Australia’s CBA reworks life insurance unit sale deal terms with AIA

Industry:    2019-08-23

Commonwealth Bank of Australia has accepted A$150 million ($101 million) less for the sale of its life-insurance business to Hong-Kong based AIA Group, as it signed revised agreements to fast-track the long-delayed divestment.

Australia’s top lender struck a deal to sell the unit to AIA Group for A$3.8 billion in September 2017, in what was the biggest Asian buyout of an Australian financial firm at that time. That deal also included its New Zealand operations, which were already transferred in 2018.

However, prolonged regulatory approval processes have led to an extended period of uncertainty for CommInsure Life, the Australian life-insurance unit, the lender said in a statement on Friday.

CBA had initially expected final completion of the full divestment in 2018.

The revised agreements are aimed at speeding up the divestment, with CBA expected to pocket a total of A$2.38 billion in proceeds, while AIA gets an option to extend a previously announced distribution joint venture in Australia and New Zealand to 25 years from 20 years.

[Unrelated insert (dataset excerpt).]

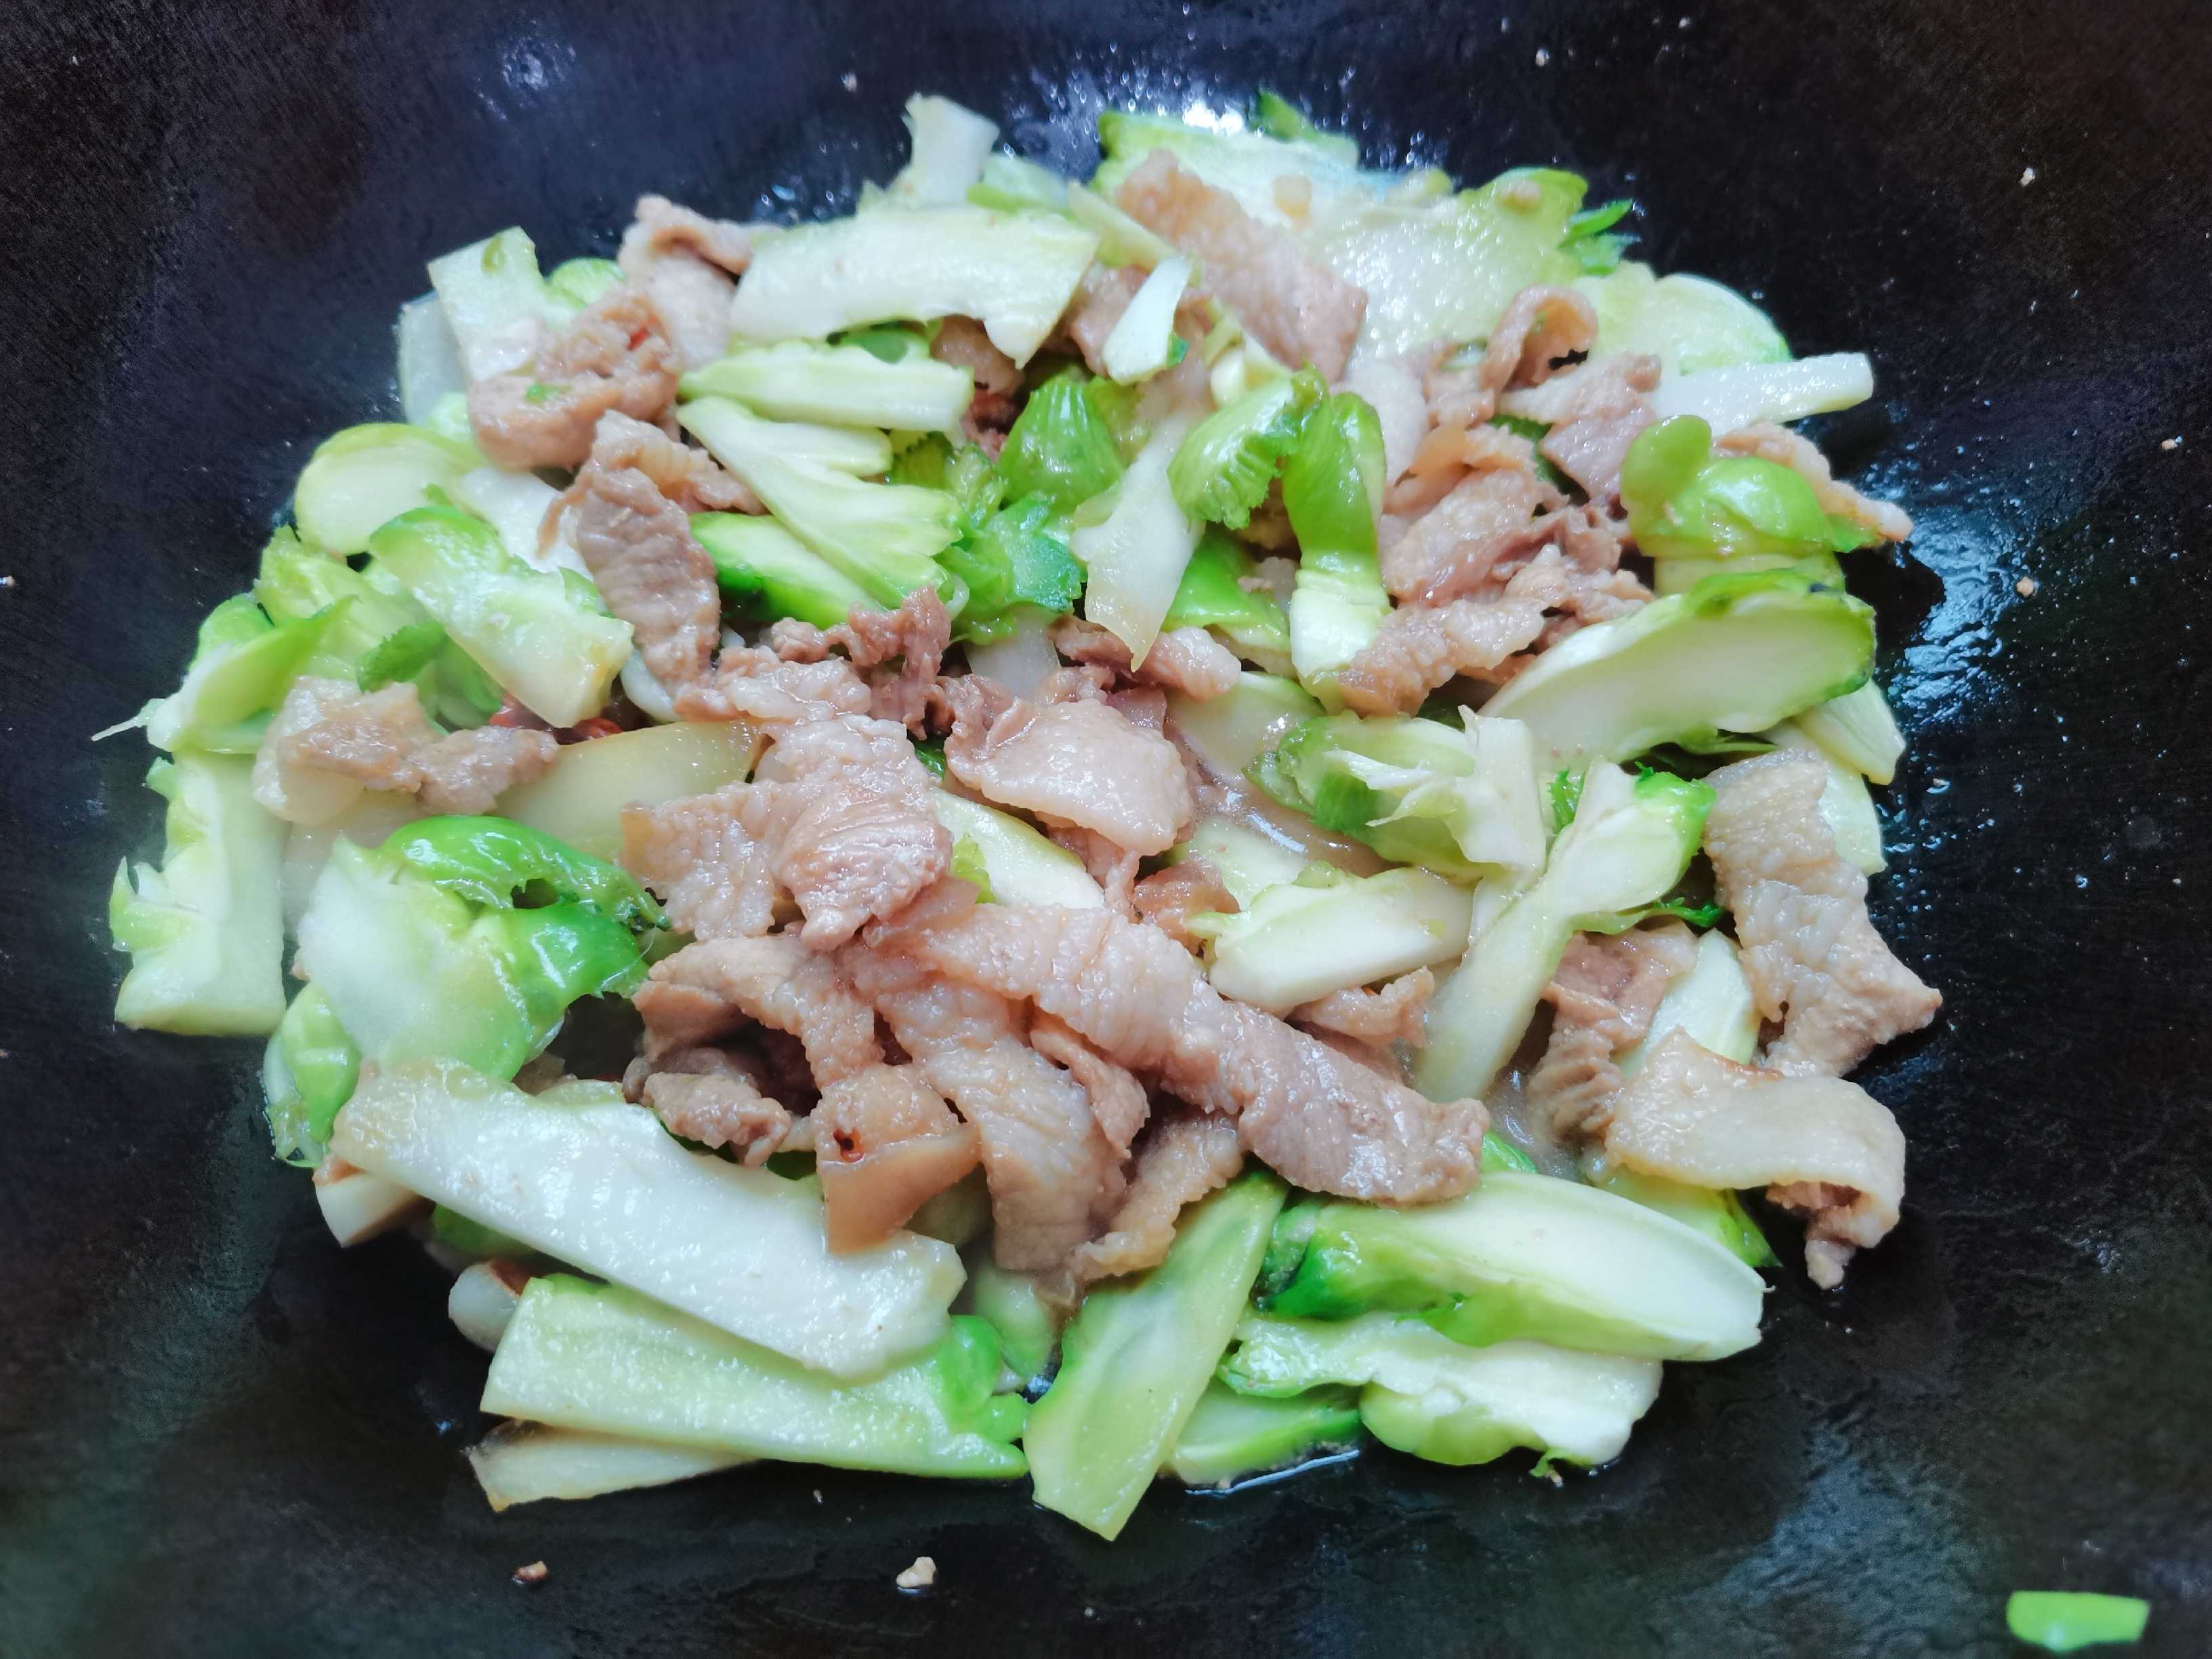 Stir-fried Pork with Vegetables recipe

“Today’s announcement provides CommInsure Life’s policyholders and staff with more clarity about the future of the business and progresses the simplification of CBA’s portfolio of businesses,” CBA Chief Executive Officer Matt Comyn said.

CBA said the revised deal would allow it to transfer its interest in CommInsure Life to AIA excluding its 37.5% stake in BoCommLife, which the lender is selling to Japan’s Mitsui Sumitomo Insurance Co for 3.2 billion yuan ($451.3 million).

The sale of the Australian life insurance unit was conditional on the sale of CBA’s stake in BoCommLife, which it holds through CommInsure.

The new agreements also come after a government-mandated inquiry last year revealed widespread misconduct in the insurance industry, such as spying on customers, misleading marketing practices, and fee overcharging.

The inquiry recommended sweeping changes including reforms on commission payments, changes in the way automatic insurance is charged to pension accounts, and bans on cold-calling customers to sell them insurance.

“These are one of the areas where they have had huge issues in the cross-selling part of it,” said Mathan Somasundaram, a Blue Ocean Equities market portfolio strategist.

“The lender is flagging that it is selling all these problematic pieces so that they can reduce the risk of further regulation.”

The completion of the deal, expected to happen by the end of fiscal 2020, would also aid the lender in meeting higher capital requirements set by the prudential regulator.

“As a shareholder, it releases more cash, capital requirements look better and dividends look safer and they look less riskier,” Somasundaram said.

CBA was slapped with an additional A$1 billion capital requirement last year after it was accused of thousands of breaches of anti-money laundering protocols.